Ceux qui sont doublement victimisés par la gauche et par l’islamisme sont les chrétiens du Moyen-Orient et les autres membres de minorités religieuses ou de groupes ethniques comme les Yézidis, et tous les musulmans non orthodoxes, allant des libres-penseurs aux ex-musulmans qui osent critiquer les tendances violentes ou intolérantes au sein de l’islam.
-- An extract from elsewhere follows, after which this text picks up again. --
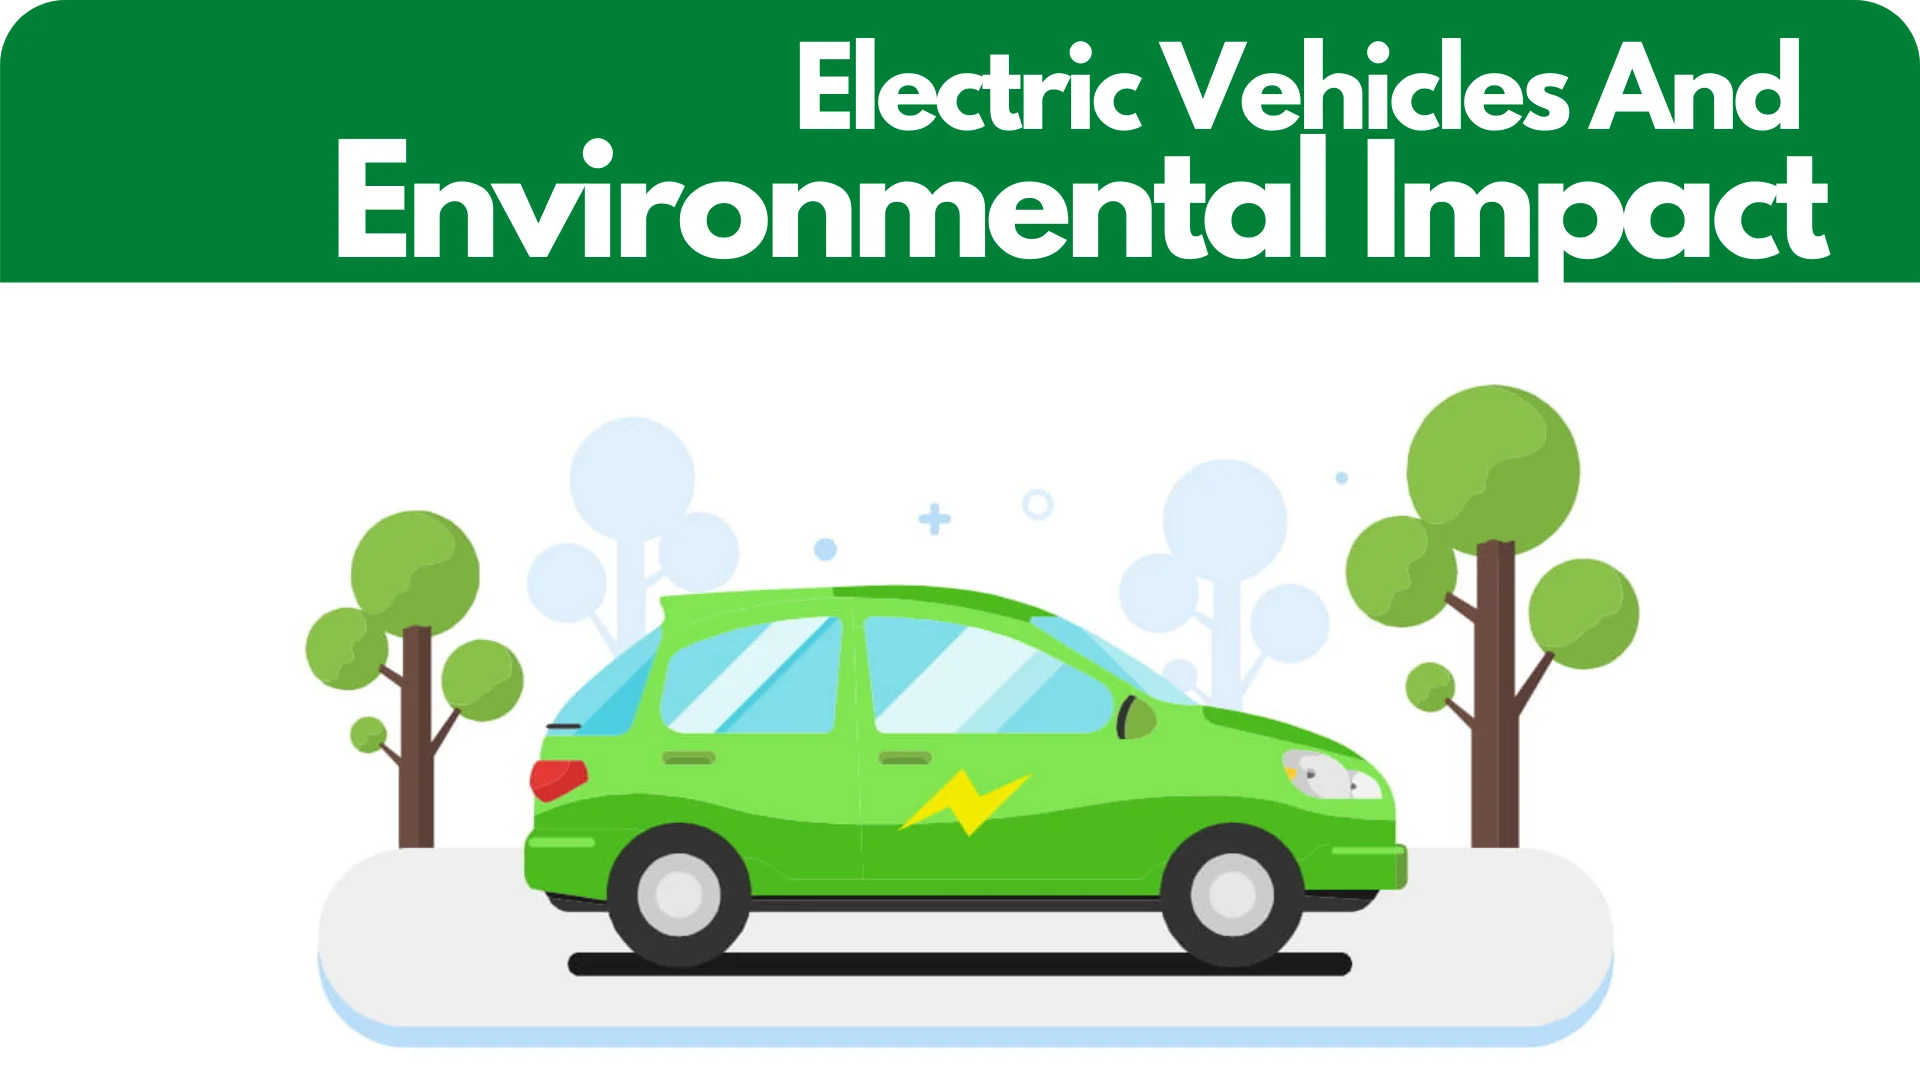 https://e-vehicleinfo.com/electric-vehicles-and-their-environmental-impact/

Tous ces groupes ont subi des persécutions dans le Moyen-Orient pré-moderne, semblables à celles endurées dans l’Occident pré-moderne ; les minorités étaient souvent persécutées par les autorités religieuses ou politiques, pour toutes sortes de raisons, allant de motifs idéologiques aux raisons les plus vénales. Dans le même temps, un dirigeant pouvait diminuer (ou accroître) les persécutions. Il y a mille ans, un musulman libre-penseur comme Mansour Al-Hallaj pouvait être exécuté pour son hétérodoxie, tout comme les chrétiens libres-penseurs qui étaient brûlés sur les bûchers de l’Occident médiéval.[4] Les chrétiens et les yézidis ont souvent été massacrés ou brimés, mais les souffrances des premiers se sont intensifiées au cours des génocides du 20e siècle visant les Arméniens et les chrétiens assyriens, et de la famine de la Première Guerre mondiale qui a dévasté une grande partie du Liban, décimant la moitié de la population.[5]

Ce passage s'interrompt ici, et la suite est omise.